This is the Golden Age, says MM
Where's my Golden Goose?
Hundreds of Singaporeans and foreigners are fueling the property market boom. Profits from en bloc sales, speculation, a bullish market. Feeling anxious about being left behind?
By Ng Tze Yong
July 12, 2007
YOUR mother's advice, passed down from when Grandpa arrived as a poor immigrant, might not hold true anymore.
Work hard, she nags. Spend frugally.
Her advice, sound and sensible in her time, is now looking bit frayed in a investment-driven world where a few key strokes can make the rich even richer.
A recent study showed that the wealth of the world's super-rich soared last year at the fastest rate in seven years.
How come? As the old saying goes, it's the (new) economy, stupid.
In the new world, money begets more money. Forget business ideas. Forget inventions. Forget hard work; make your money work hard.
But first, you need the C that precedes the other five - Capital.
The new masters of the universe - the hedge fund managers - will tell you as much.
To make this year's list of the 25 highest paid hedge fund managers, published by Alpha magazine, you have to make $365 million.
That's not rich. We're not talking Benz here; we're talking Lear Jets. That's super-rich.
'They're a group that has sprinted ahead of the merely-rich pack,' said sociologist Terence Chong.
As if one income gap wasn't enough, we now have to worry about getting left behind, twice over.
In a column last week, the International Herald Tribune (IHT) called this a 'tectonic shift'.
There's an 'uneasy feeling that something is going on here', wrote the writer, referring to London.
Half a world away, that 'something' seems to be going on too.
There are 66,660 millionaires on this small island. We have the fastest-growing population of millionaires in the world. Every en-bloc sale adds a few more to the pot. Every bang on the hot stock exchange nets thousands of bucks.

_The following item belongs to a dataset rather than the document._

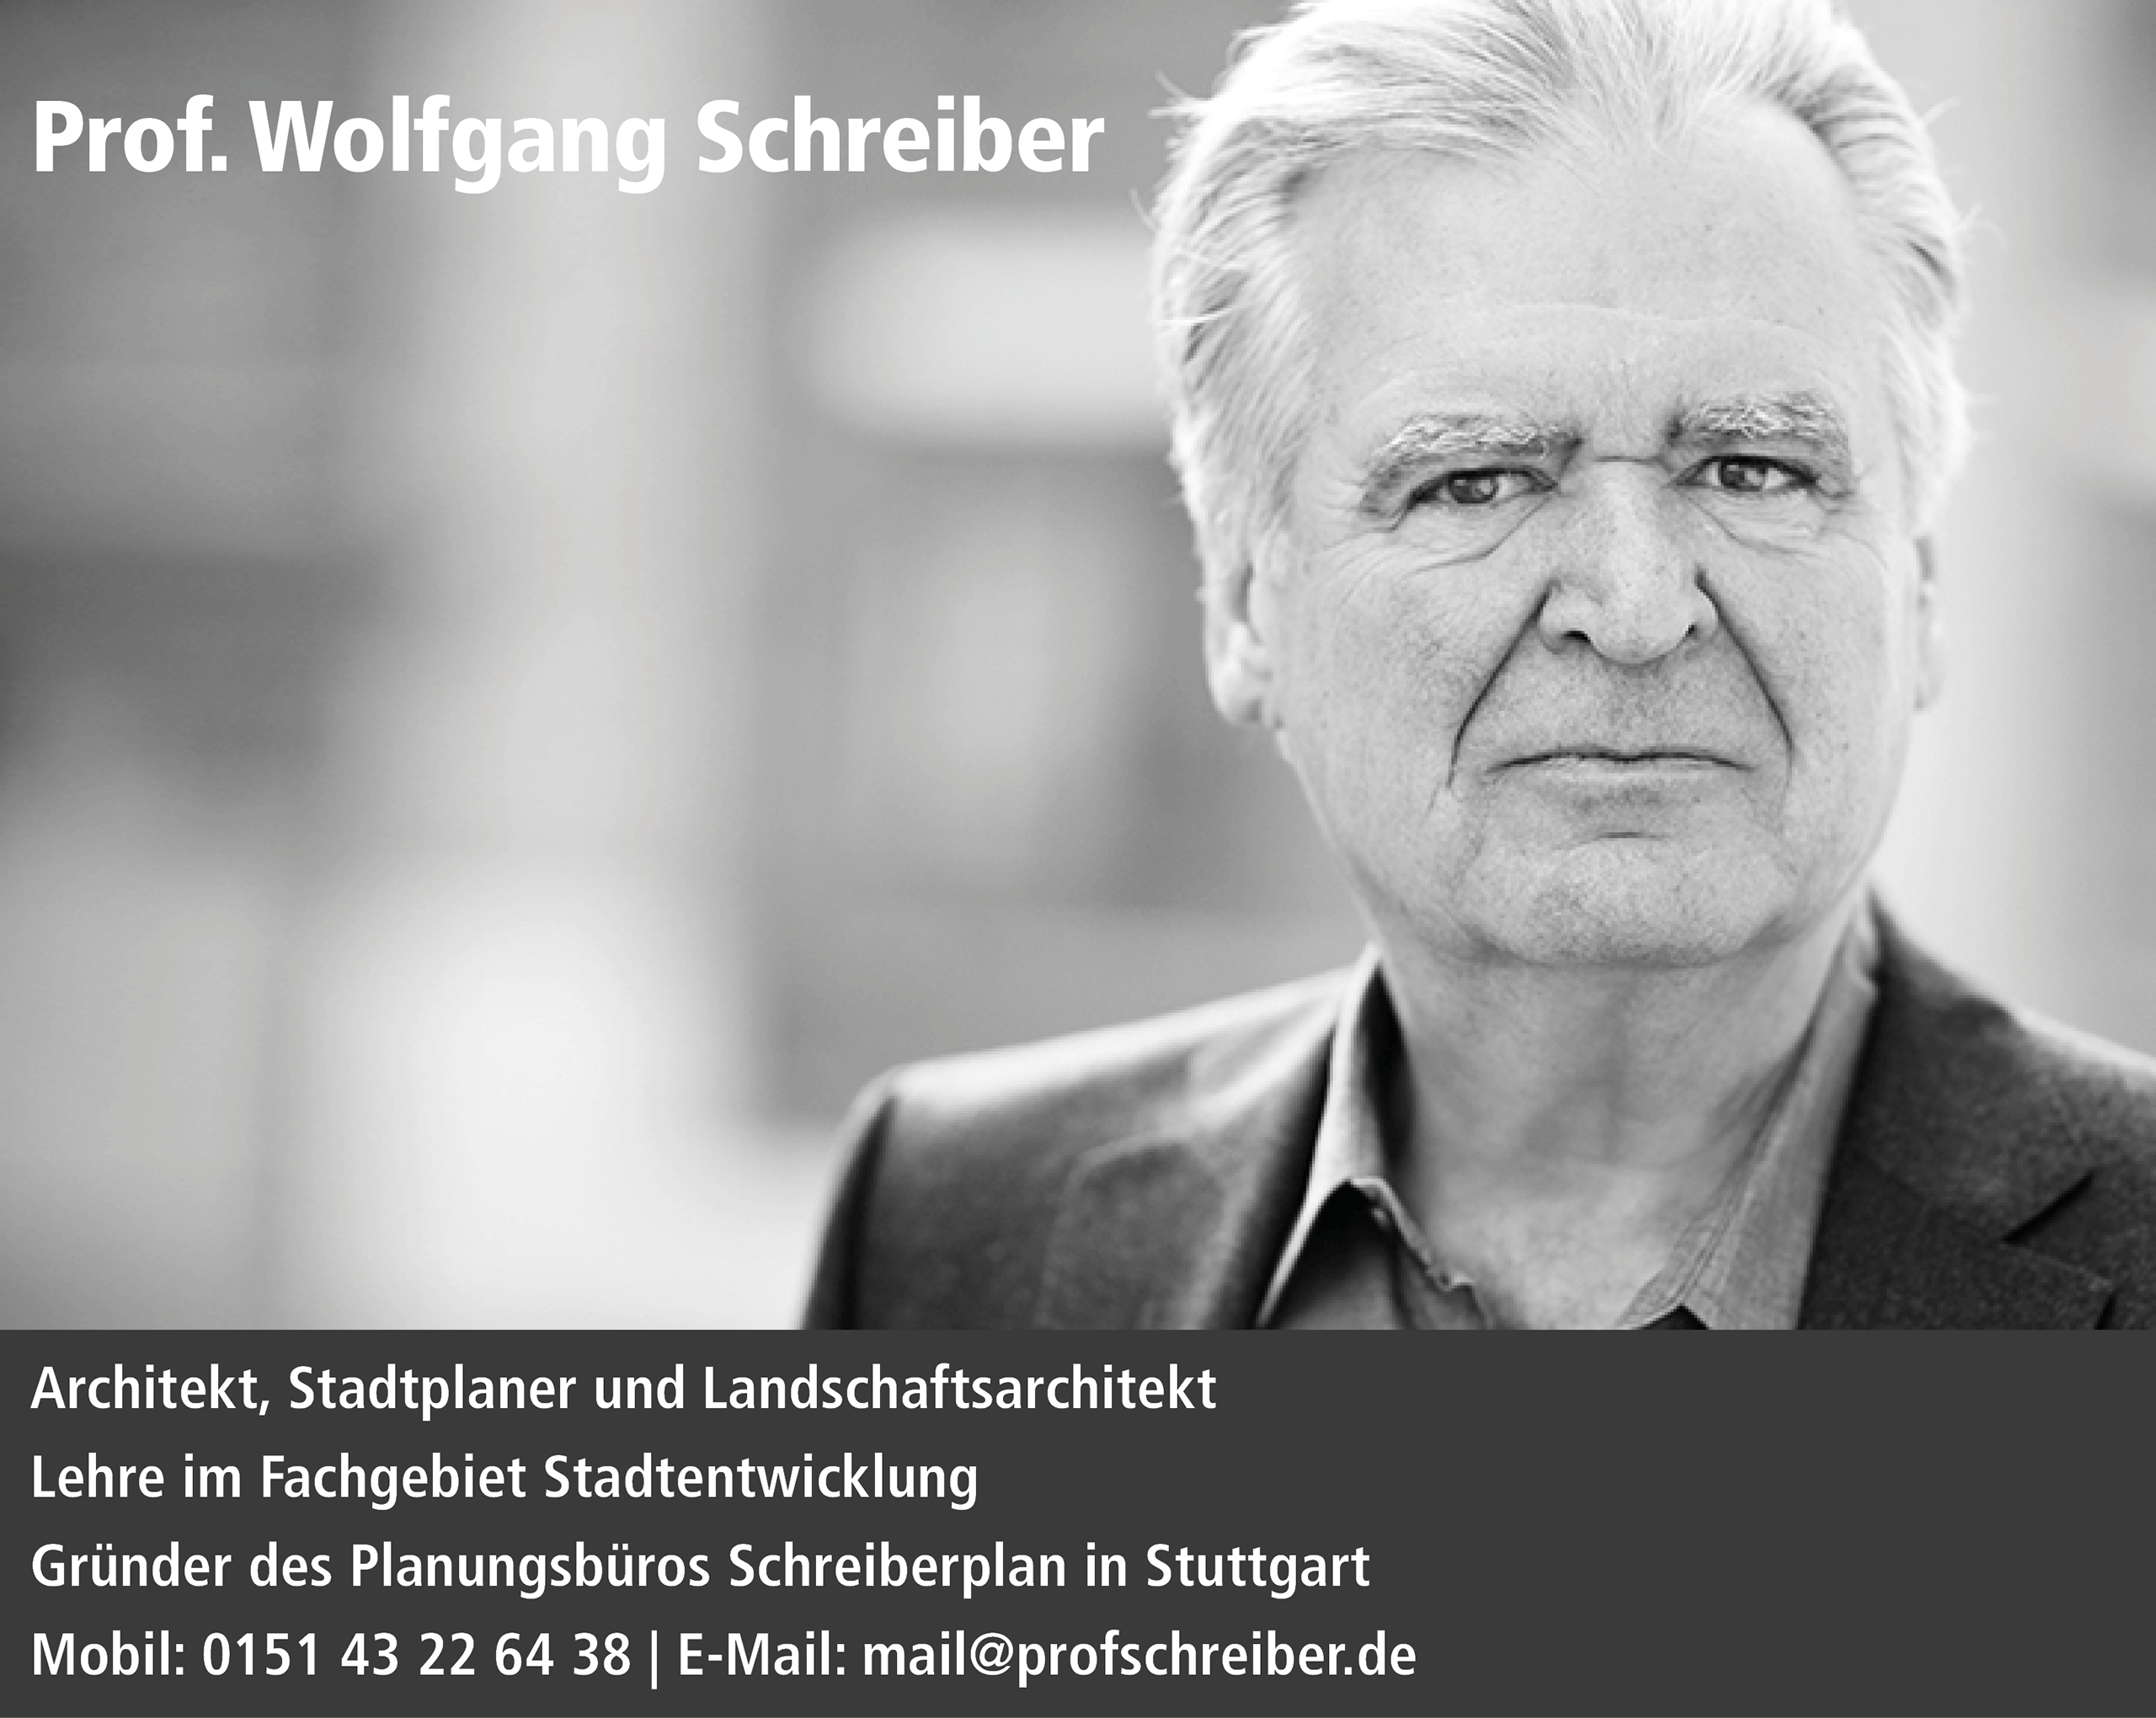 Prof. Wolfgang Schreiber

That there is a super-rich class is hardly new. But Bill Gates and Richard Branson had real products to sell. Many of the super-rich these days don't. They just know how to move digits around on a computer screen.

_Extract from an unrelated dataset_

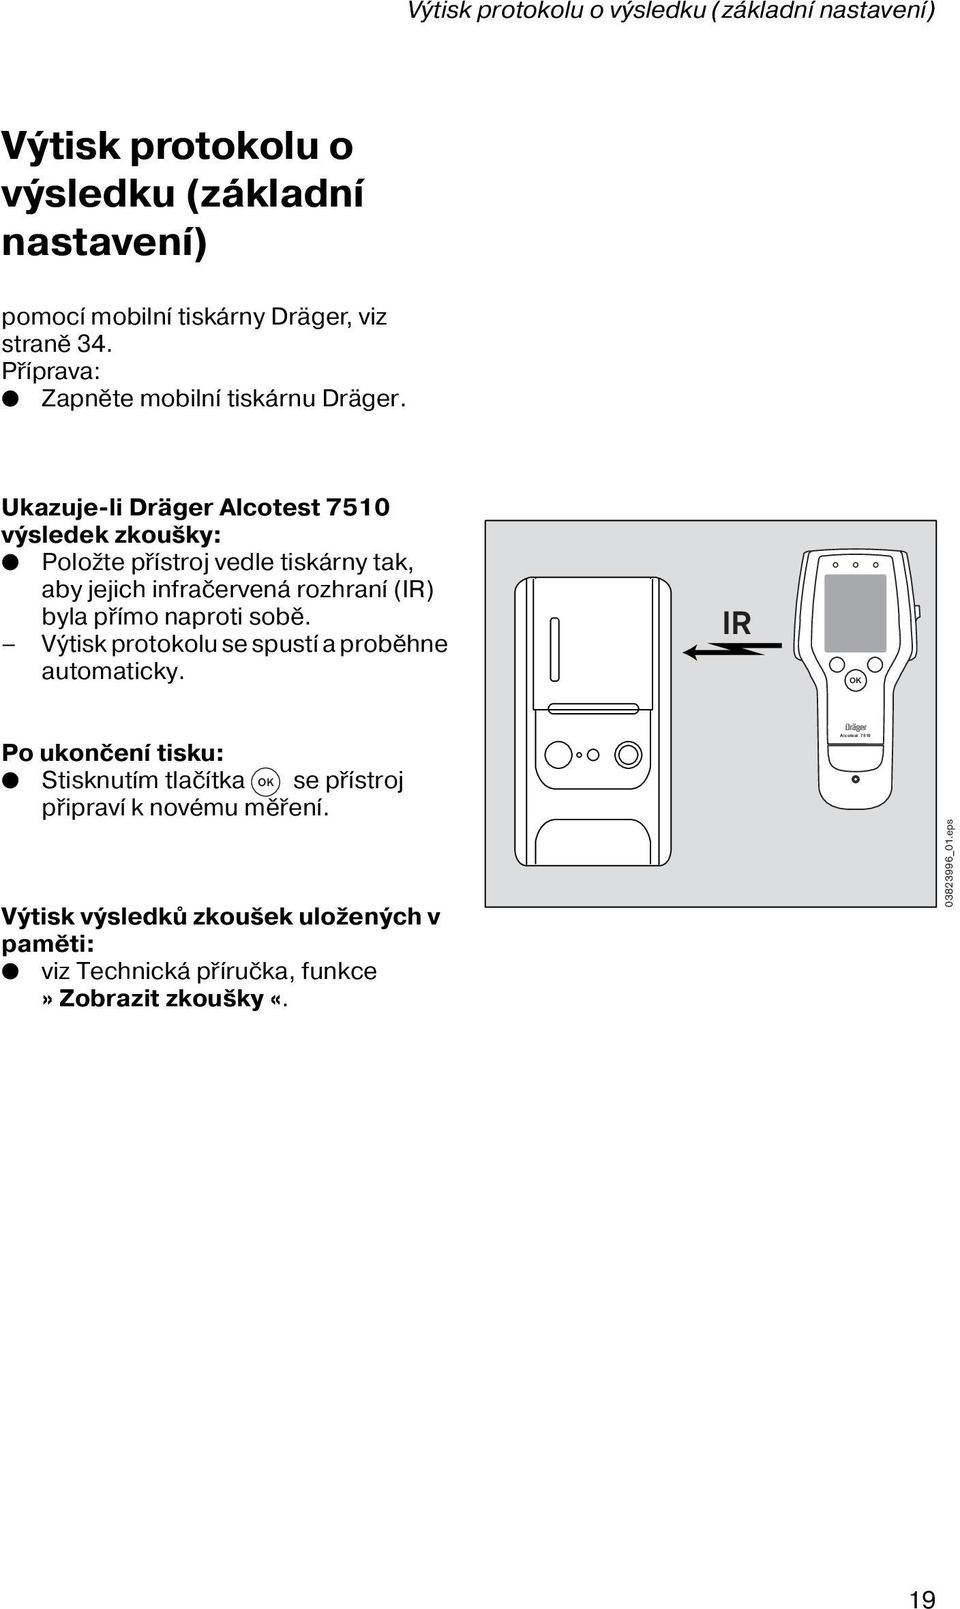 Ukazuje-li Dräger Alcotest 7510 výsledek zkoušky: Položte přístroj vedle tiskárny tak, aby jejich infračervená rozhraní (IR) byla přímo naproti sobě.

It can be hard for ordinary folks to accept. Cabby John Ang, 34, works from 10am to 3am, making about $160 per day. He works every day. 'Got to, lah,' he said.
GETTING GREEN EYED
He sees more luxury cars on the roads these days. Touch of envy?
Yes, he admits.
'They should pay more taxes,' he said.
Will such sentiment be the Achilles' heel of the new economy?
The paradox is this: Singaporeans are pragmatically capitalist. But we're also suckers for good, old hard work.

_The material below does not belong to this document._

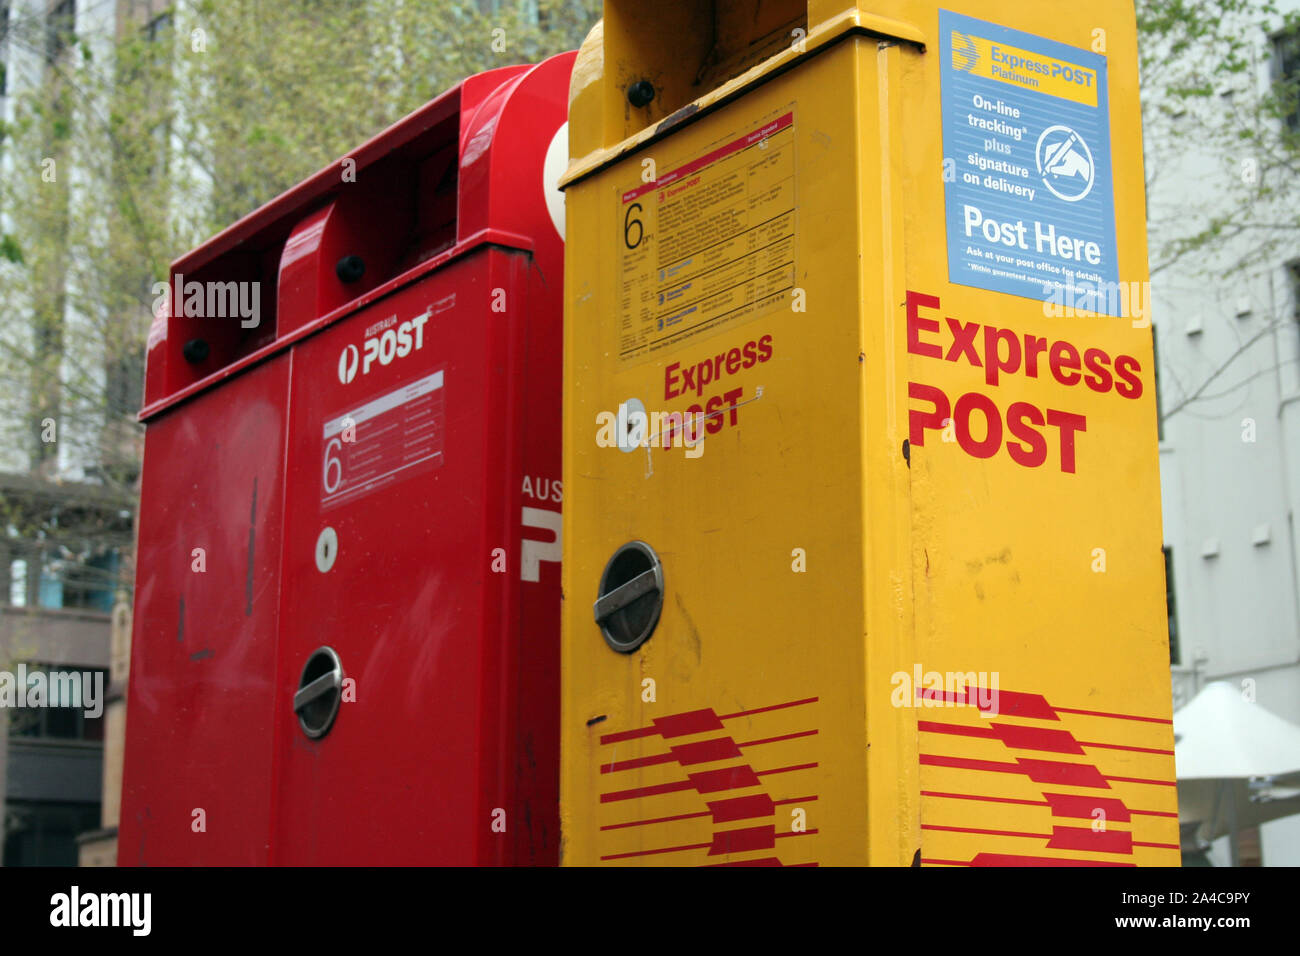 Del lado de la calle en Australia Post Mail boxes en la ciudad de Sydney, Australia. El rojo por correo normal y amarillo para expresar post (por la noche) Foto de stock

Hard work versus capitalist smarts - which way will be the right way? '(London) has distilled globalisation,' wrote Roger Cohen in the IHT. 'The international elite is pricing British accountants, engineers and, yes, journalists out of the multimillion-dollar housing market.
'More than half of homes over US$6million go to foreign residents with wealth matched only by their tax breaks.'
Substitute London for Singapore. Will we see the same situation, with sky-rocketing property prices fueled by foreign buyers?
Will money be the root of all envy?
'In a capitalist society, you are rewarded according to how much you contribute towards the generation of wealth,' said CIMB-GK economist Song Seng Wun.
Last week, Minister Mentor Lee Kuan Yew said that Singapore is in a 'golden period', one that might stretch over 'many years'.
But how to seize the moment?
Mr James Sim, honorary secretary of the Financial Planning Association of Singapore said:'If your objective is work-centred, start a business. If your objective is wealth, then make use of the investment opportunities wisely.'
The irony, of course, is that by trying to be richer, you're only making the fund managers filthy rich too.
Money has always made the world go round.
But now, it's starting to look more and more like a vicious circle.
Yes, it can be confusing.
But not if we continue to value other things more than money - like relationships, values and pride in good, honest work.